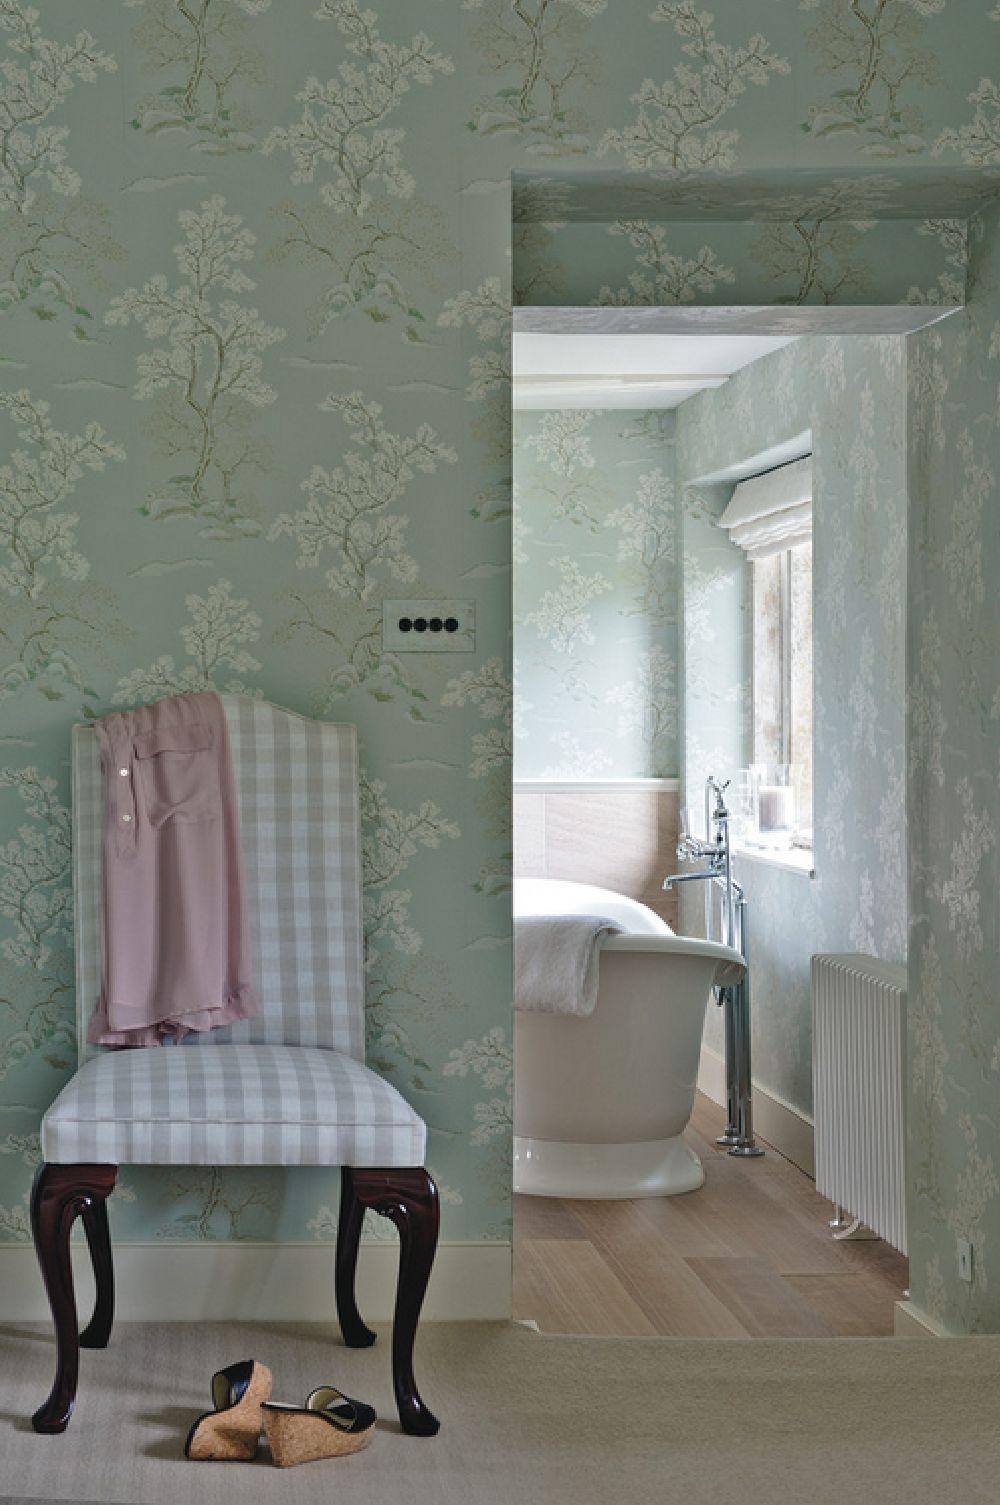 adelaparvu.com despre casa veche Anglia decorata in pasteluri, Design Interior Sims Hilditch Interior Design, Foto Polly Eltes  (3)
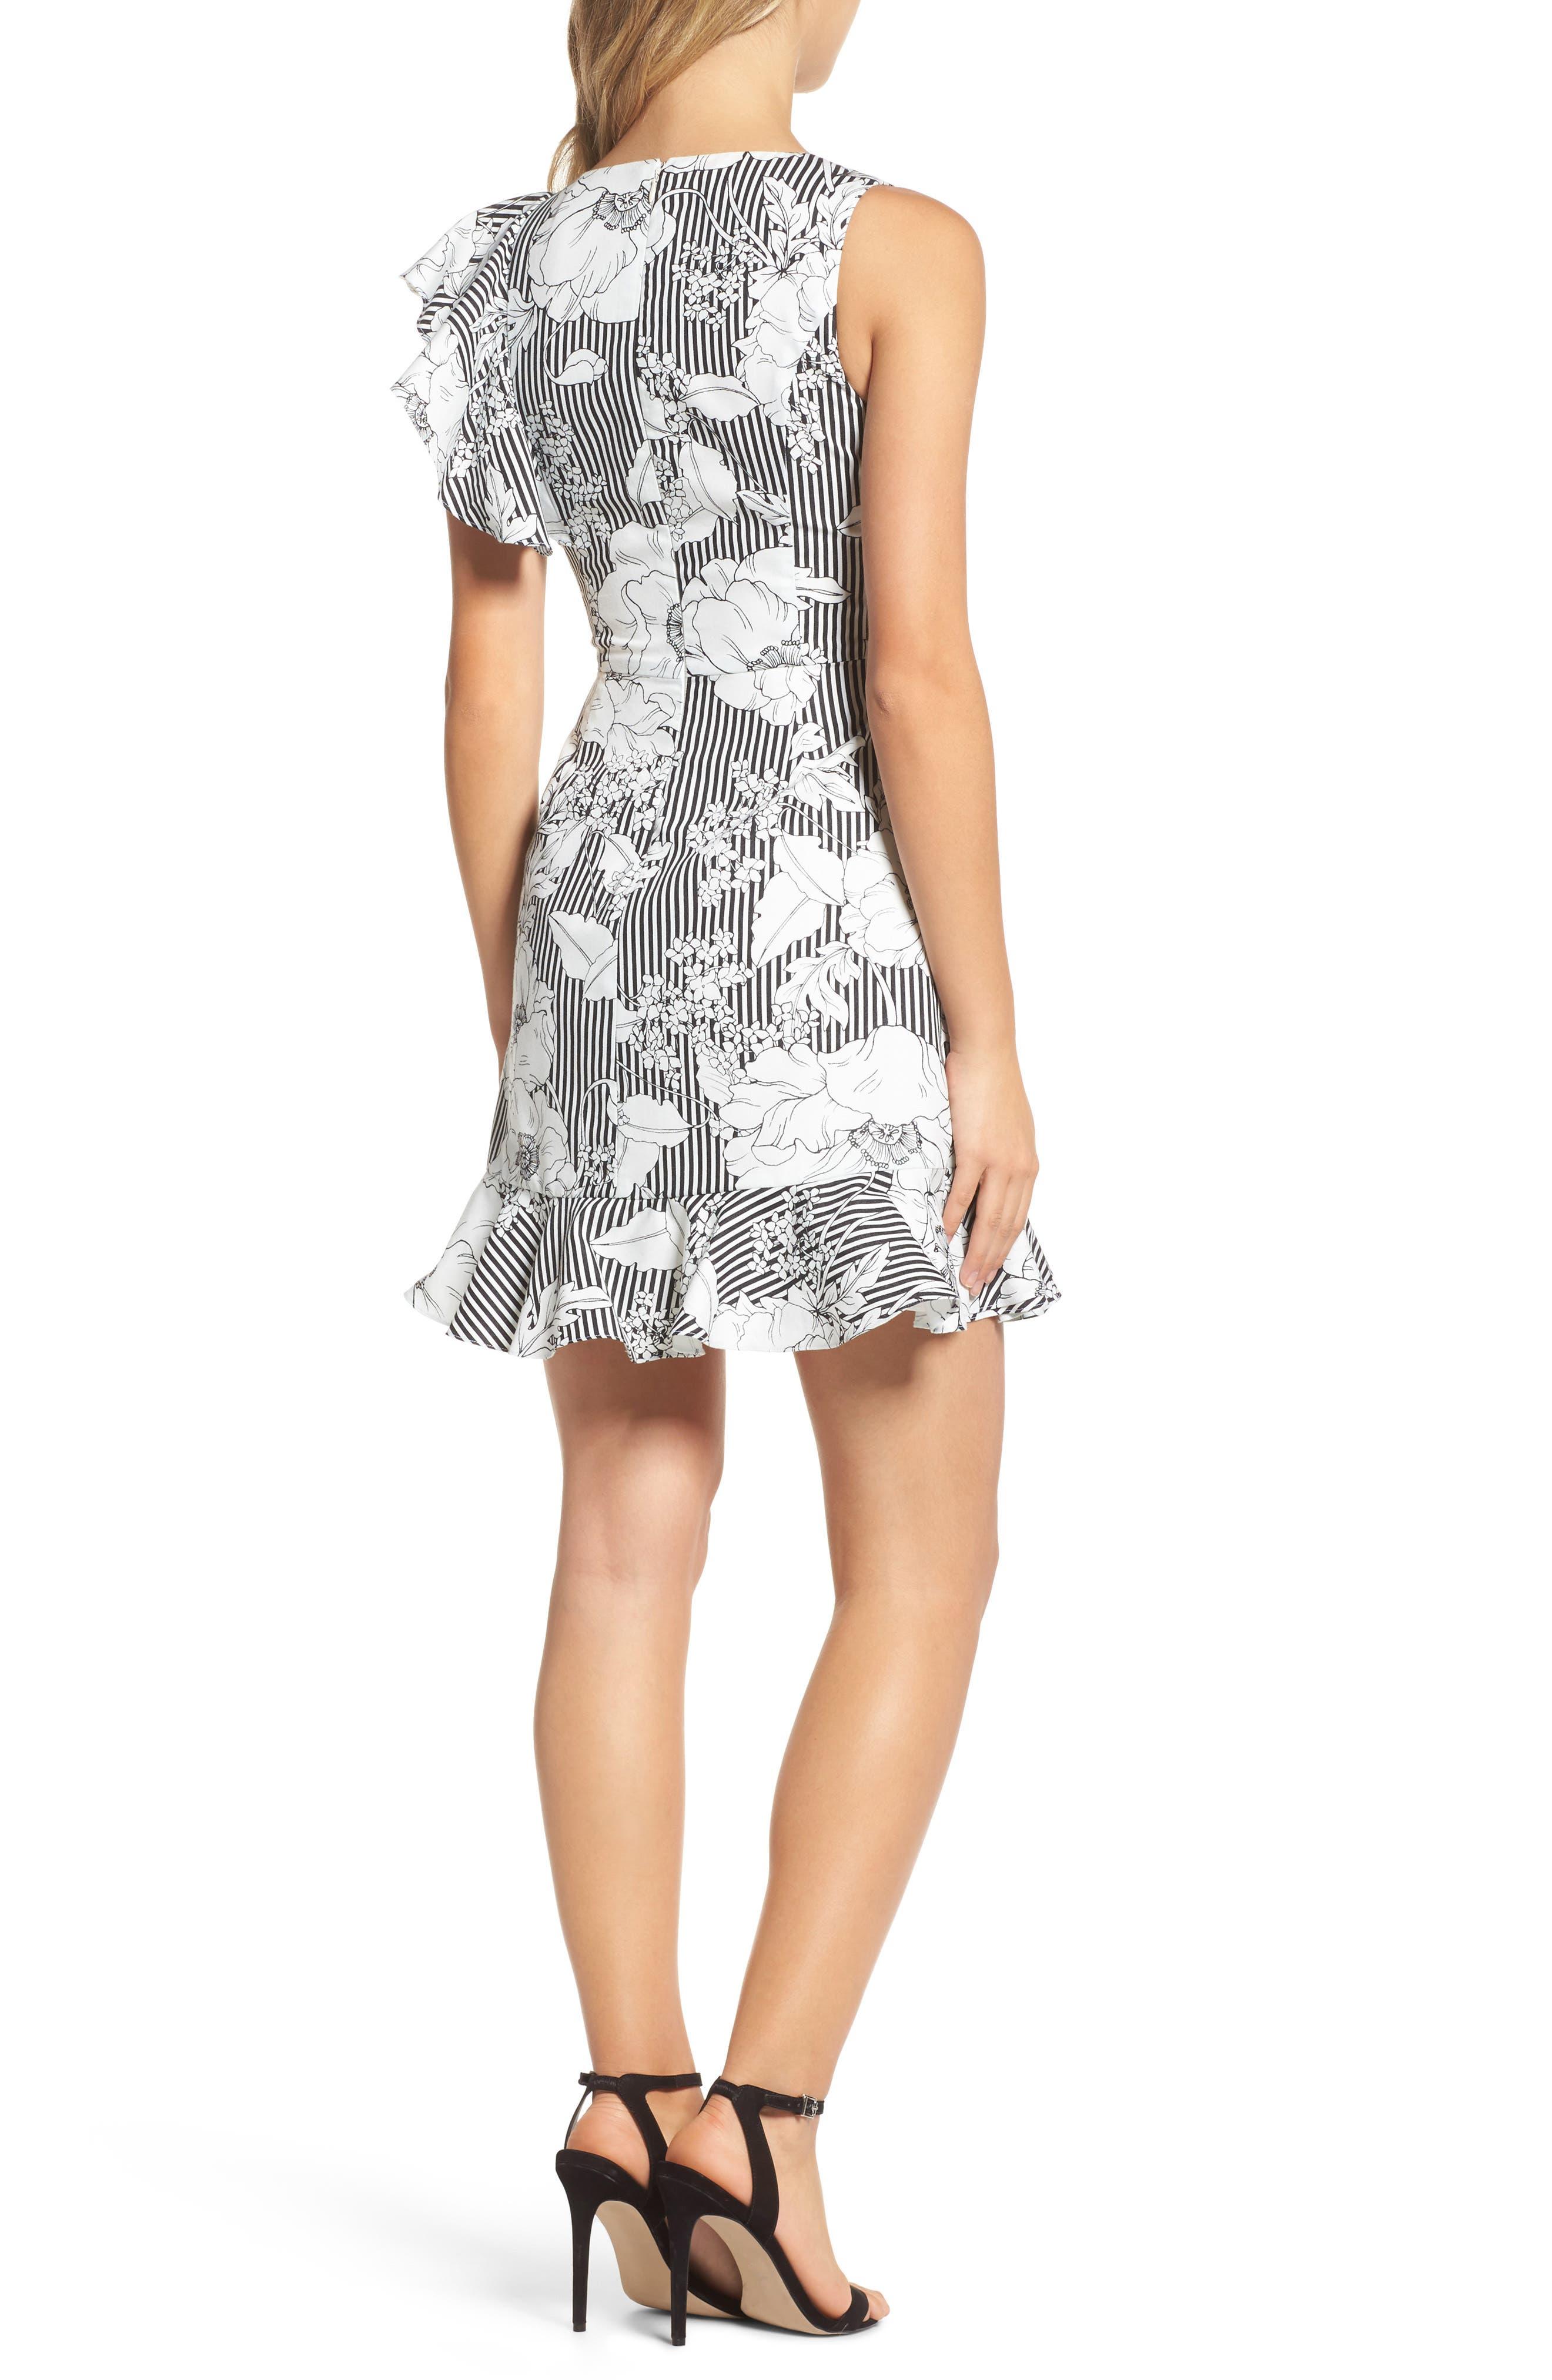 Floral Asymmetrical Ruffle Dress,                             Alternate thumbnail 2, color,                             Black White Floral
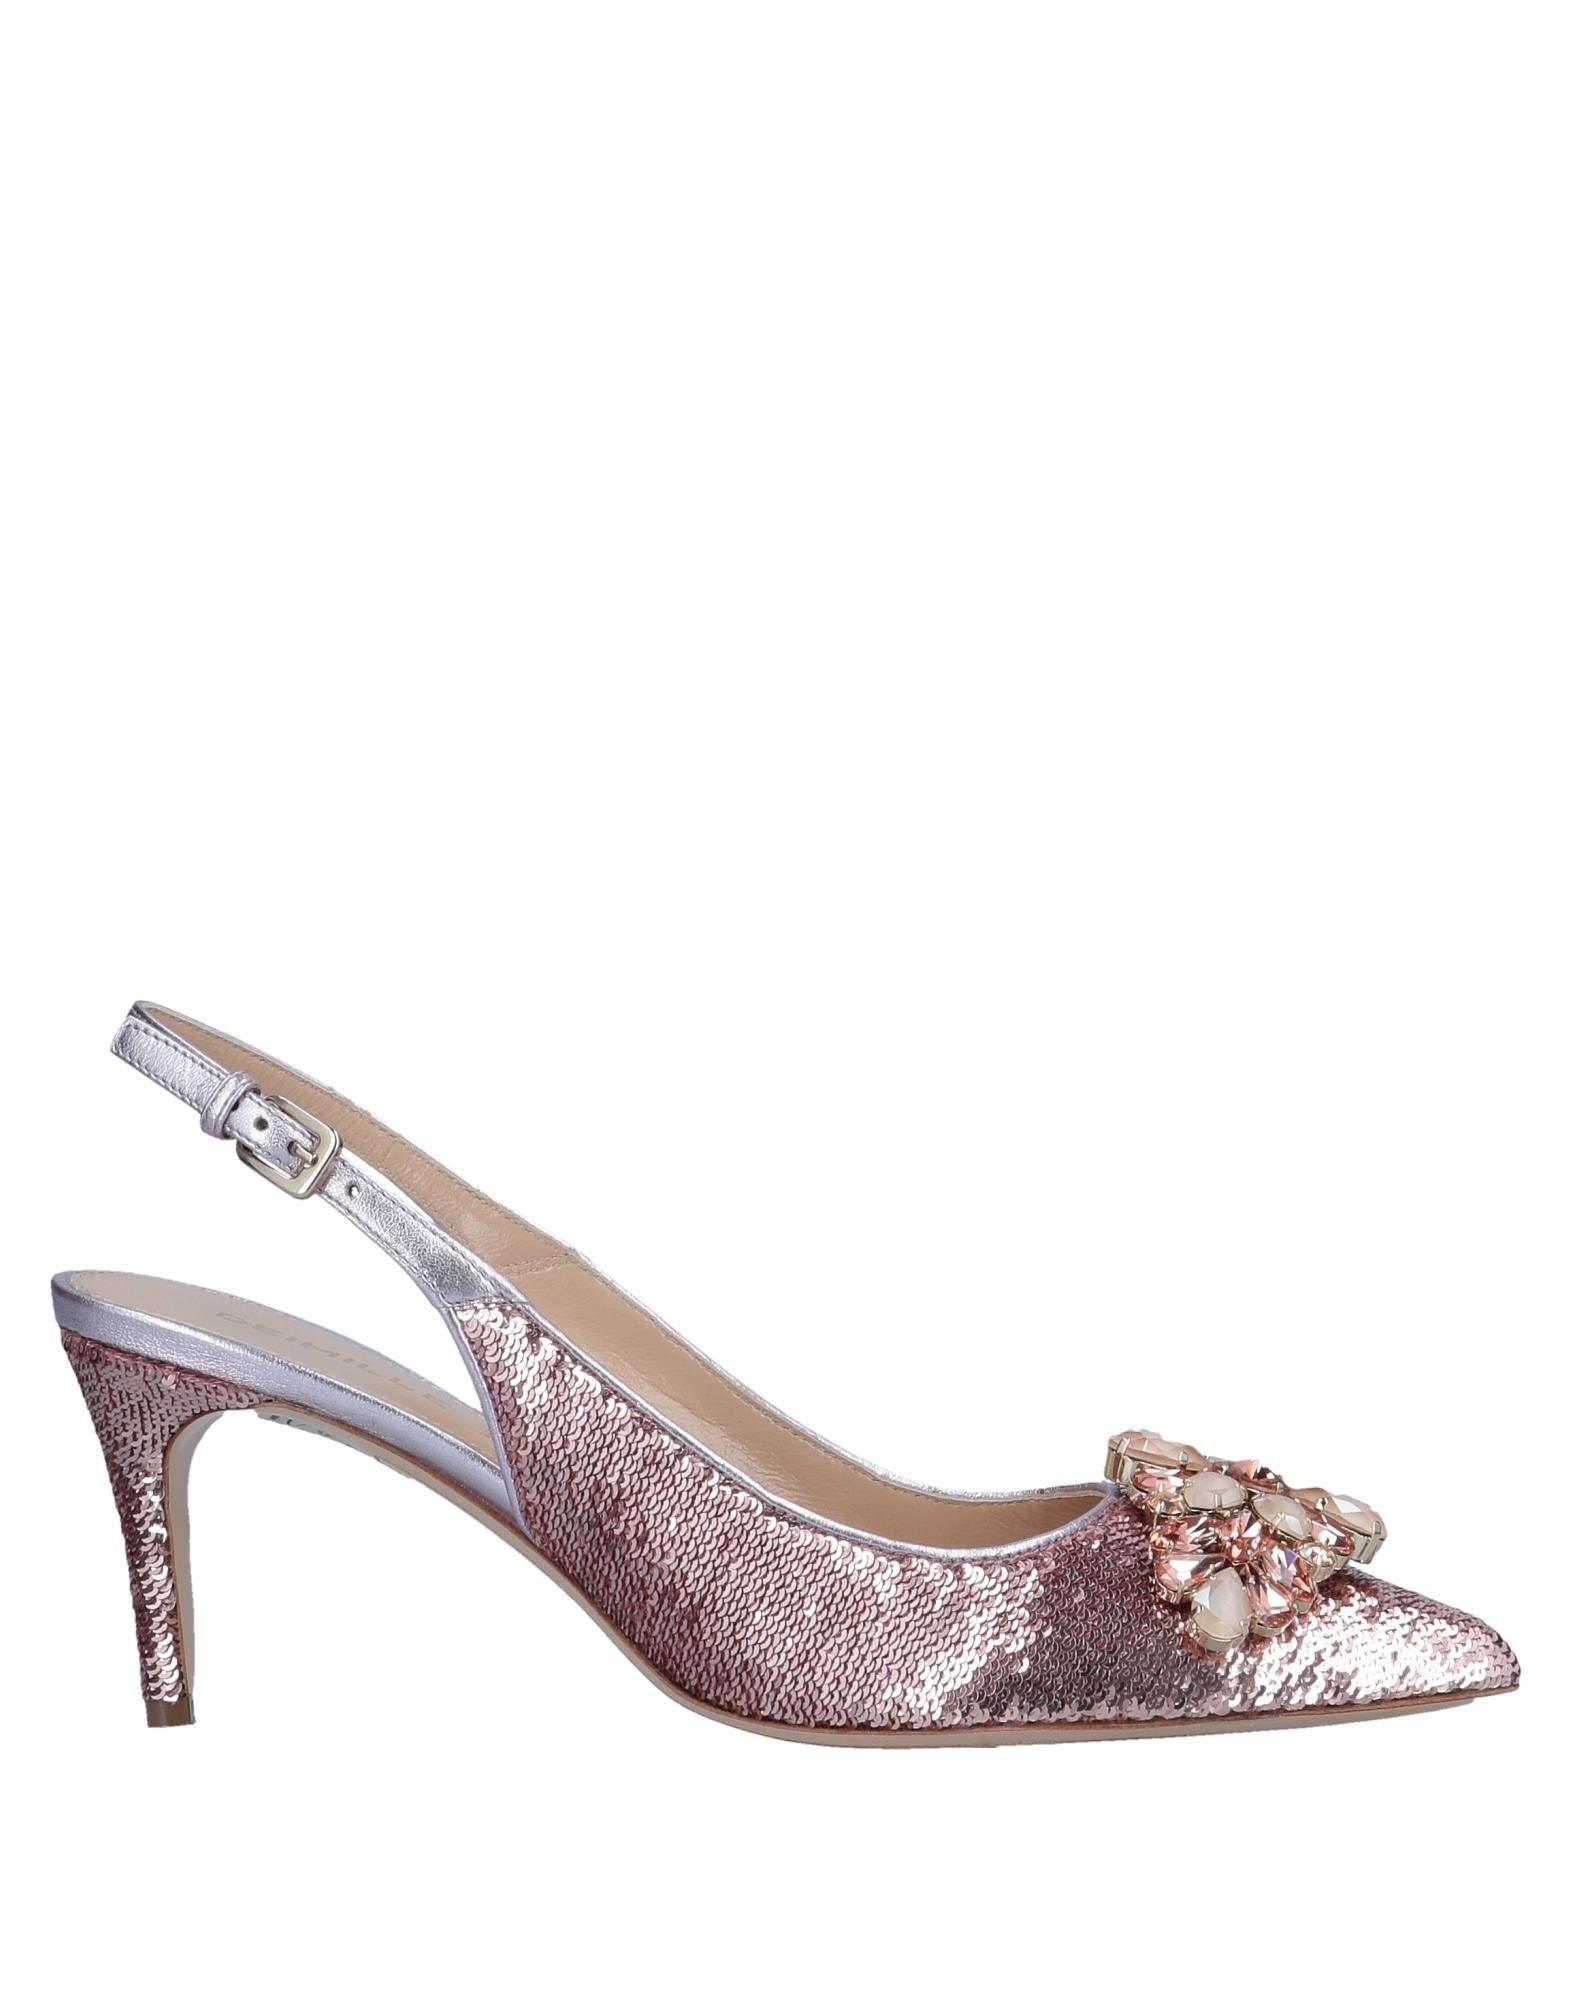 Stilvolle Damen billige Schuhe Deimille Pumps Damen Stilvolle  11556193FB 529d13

★ ★ ★ ★

# AIM OF THE EXERCISE
Everything from the line containing "Floral Asymmetrical Ruffle" to the last line of the listing above is to be written out exactly, except the pictures, and nothing else.

# OUTPUT FOR THIS TASK
 Floral Asymmetrical Ruffle Dress,                             Alternate thumbnail 2, color,                             Black White Floral
 Stilvolle Damen billige Schuhe Deimille Pumps Damen Stilvolle  11556193FB 529d13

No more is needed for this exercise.